Imagine a sunflower that’s slightly blue. Or a stop sign that’s not red. These may be everyday sights for a person who's color blind—which means they perceive wavelengths of light differently than most people.

“Color blindness is usually inherited,” says Jessica Lattman, MD, a New York City-based ophthalmologist. Several genes are needed to make the color-detecting molecules, or photopigments, in the cone-shaped cells of the retina (known as cone cells). Abnormalities in those genes can lead to difficulty seeing reds and greens, or blues and yellows—or in rare cases, an inability to see any color at all.

“Because most forms of the disorder are linked to the X chromosome, [it] affects men far more commonly than women,” says Dr. Lattman. It’s estimated that 8% of men and just 0.5% of women of Northern European descent have the common type, red-green blindness.

While there’s no cure for color blindness, treatments do exist: “Some people find that wearing tinted glasses helps them detect colors better,“ Dr. Lattman says. "And there are actually smartphone apps now that allow people to take a picture of something and be informed of what color it is.”

To show how color blindness can affect a person’s view of the world, the UK site Clinic Compare created the eight GIFs below. Each one portrays a different type of the disorder.

RELATED: These GIFs Show What It’s Really Like to Have Glaucoma and Other Eye Problems

Red-Green Color Blindness

Red-weakness (protanomaly)

Red-weakness—in which reds, oranges, and yellows appear greener and less bright—doesn’t tend to interfere with a person’s daily life. About 1% of men have this mild, X-linked type, according to the National Eye Institute.

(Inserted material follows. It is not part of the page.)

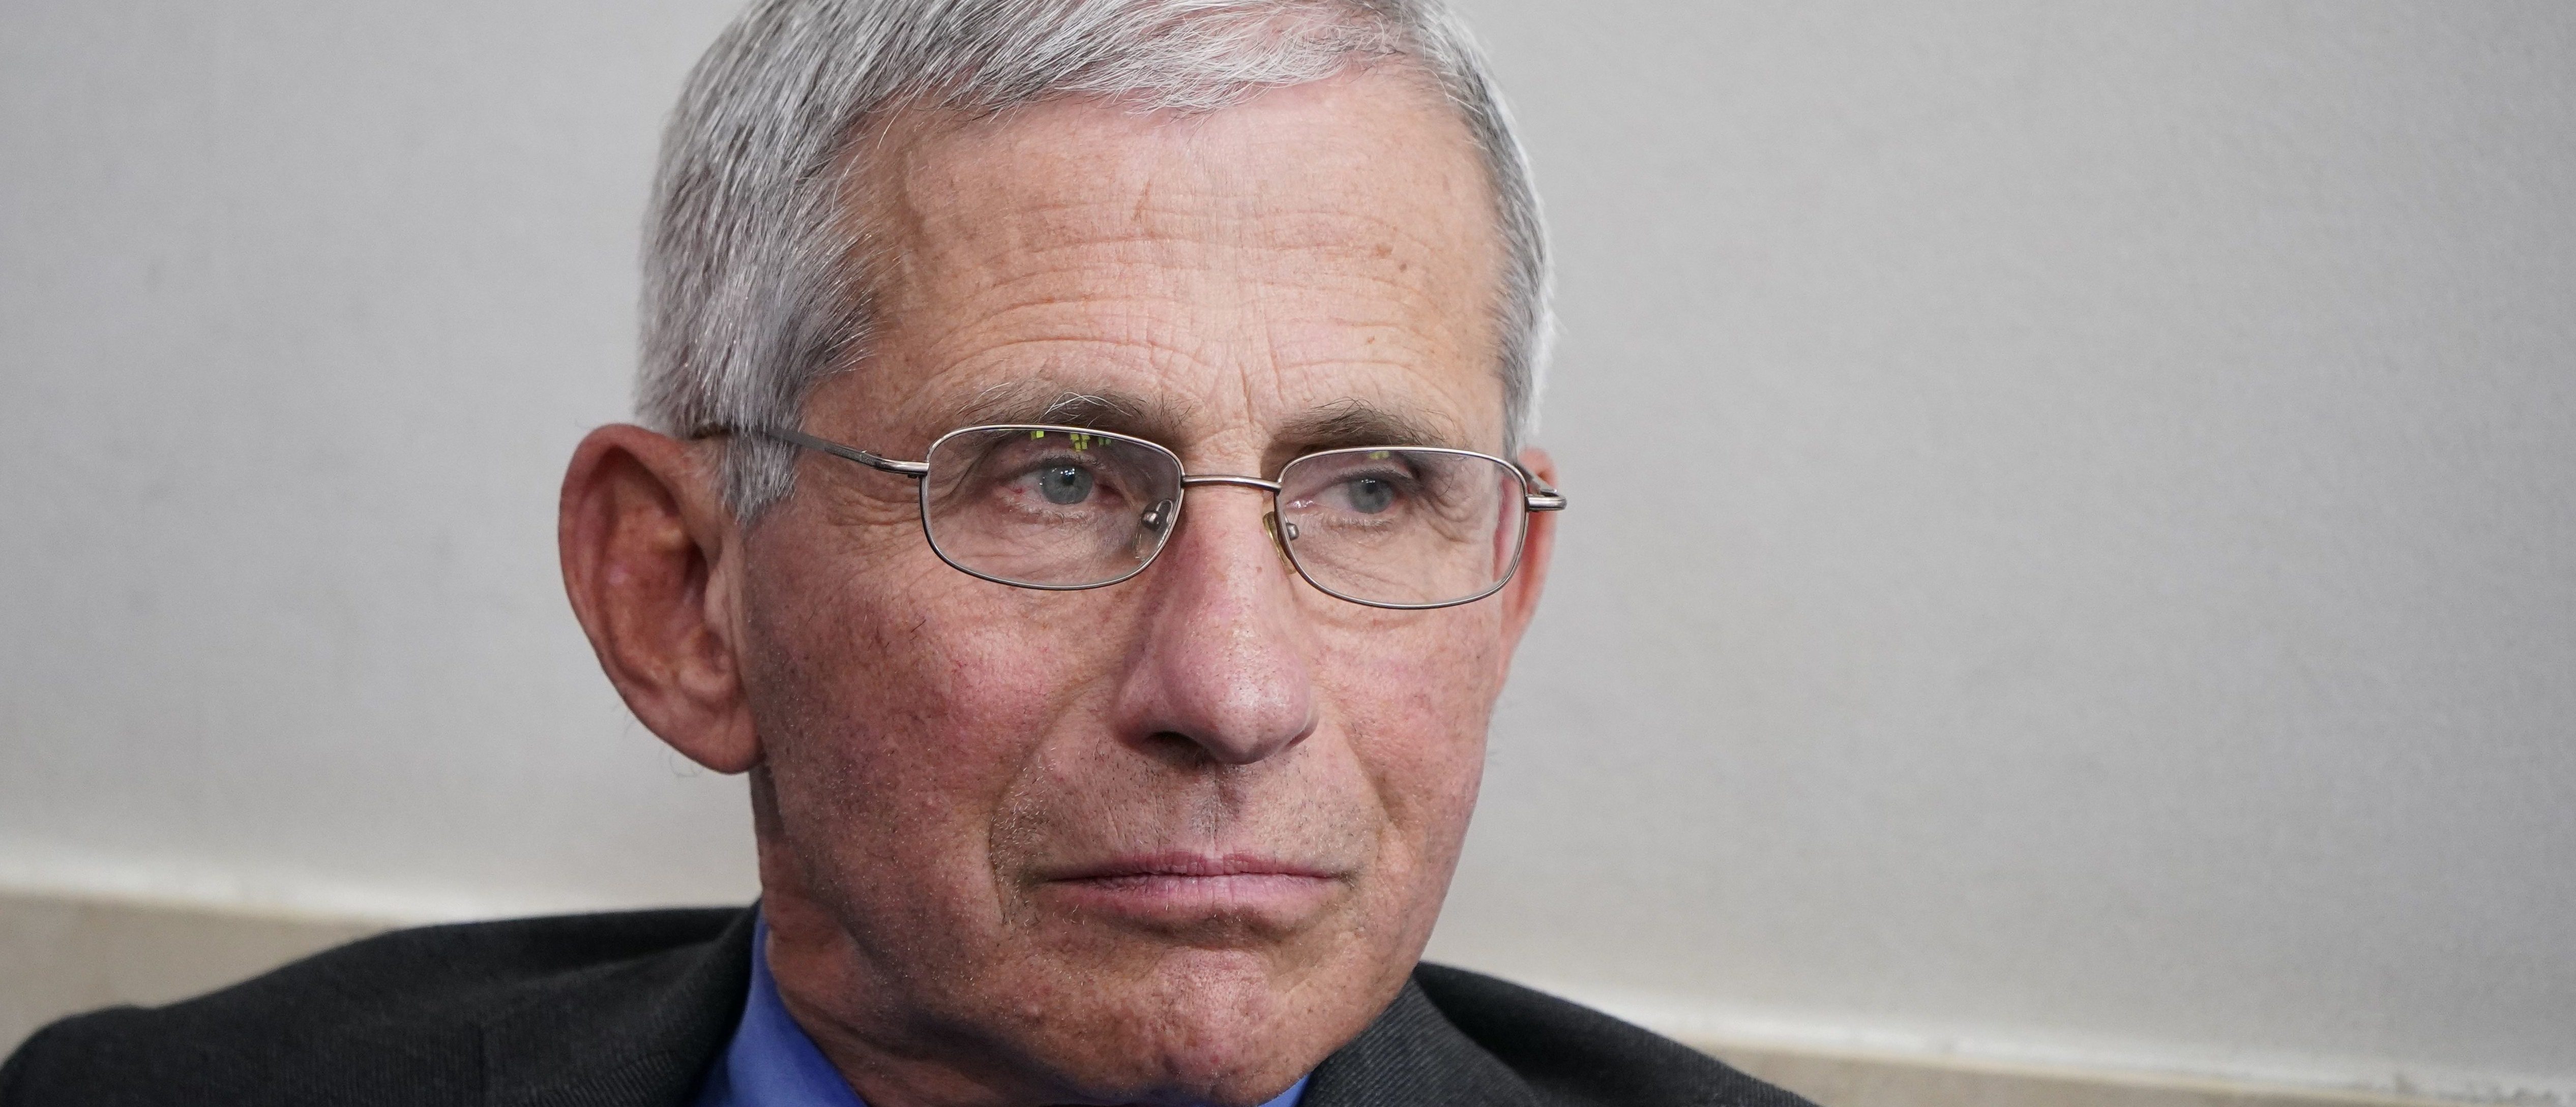 Director of the National Institute of Allergy and Infectious Diseases Anthony Fauci listens during the daily briefing on the novel coronavirus, COVID-19, in the Brady Briefing Room at the White House on April 6, 2020, in Washington, DC. (Photo by MANDEL NGAN/AFP via Getty Images)

Red-blindness (protanopia)

Also affecting about 1% of men, red-blindness means red appears back; and shades of orange, yellow, and green may register as yellow. 

Green-weakness (deuteranomaly)

Green-weakness is the most common form of color blindness, says Dr. Lattman. Five percent of men have it. To them, yellow and green appear redder; and blue and violet look the same.

Green-blindness (deuteranopia)

With this X-linked type affecting 1 in 100 men, greens appear beige; and reds look brownish-yellow. 

Blue-Yellow Color Blindness 

Blue-weakness (tritanomaly)

"Tritantomaly is very rare,” says Dr. Lattman, “and it affects both men and women equally." A blue-weakness, this form of color blindness makes blue appear greener. It also makes it tough to differentiate yellow and red from pink.

Blue-blindness (tritanopia)

Blue-blindness is extremely rare, and also occurs in both men and women. People with tritanopia see blue as green; and yellow as violet or light grey.

Complete Color Blindness

Cone monochromacy

There are three types of photopigments—red, blue and green. But in people who have cone monochromacy, two of the three aren’t functional. People with blue cone monochromacy (shown above) are often also near-sighted and have reduced sharpness in their vision, says Dr. Lattman. 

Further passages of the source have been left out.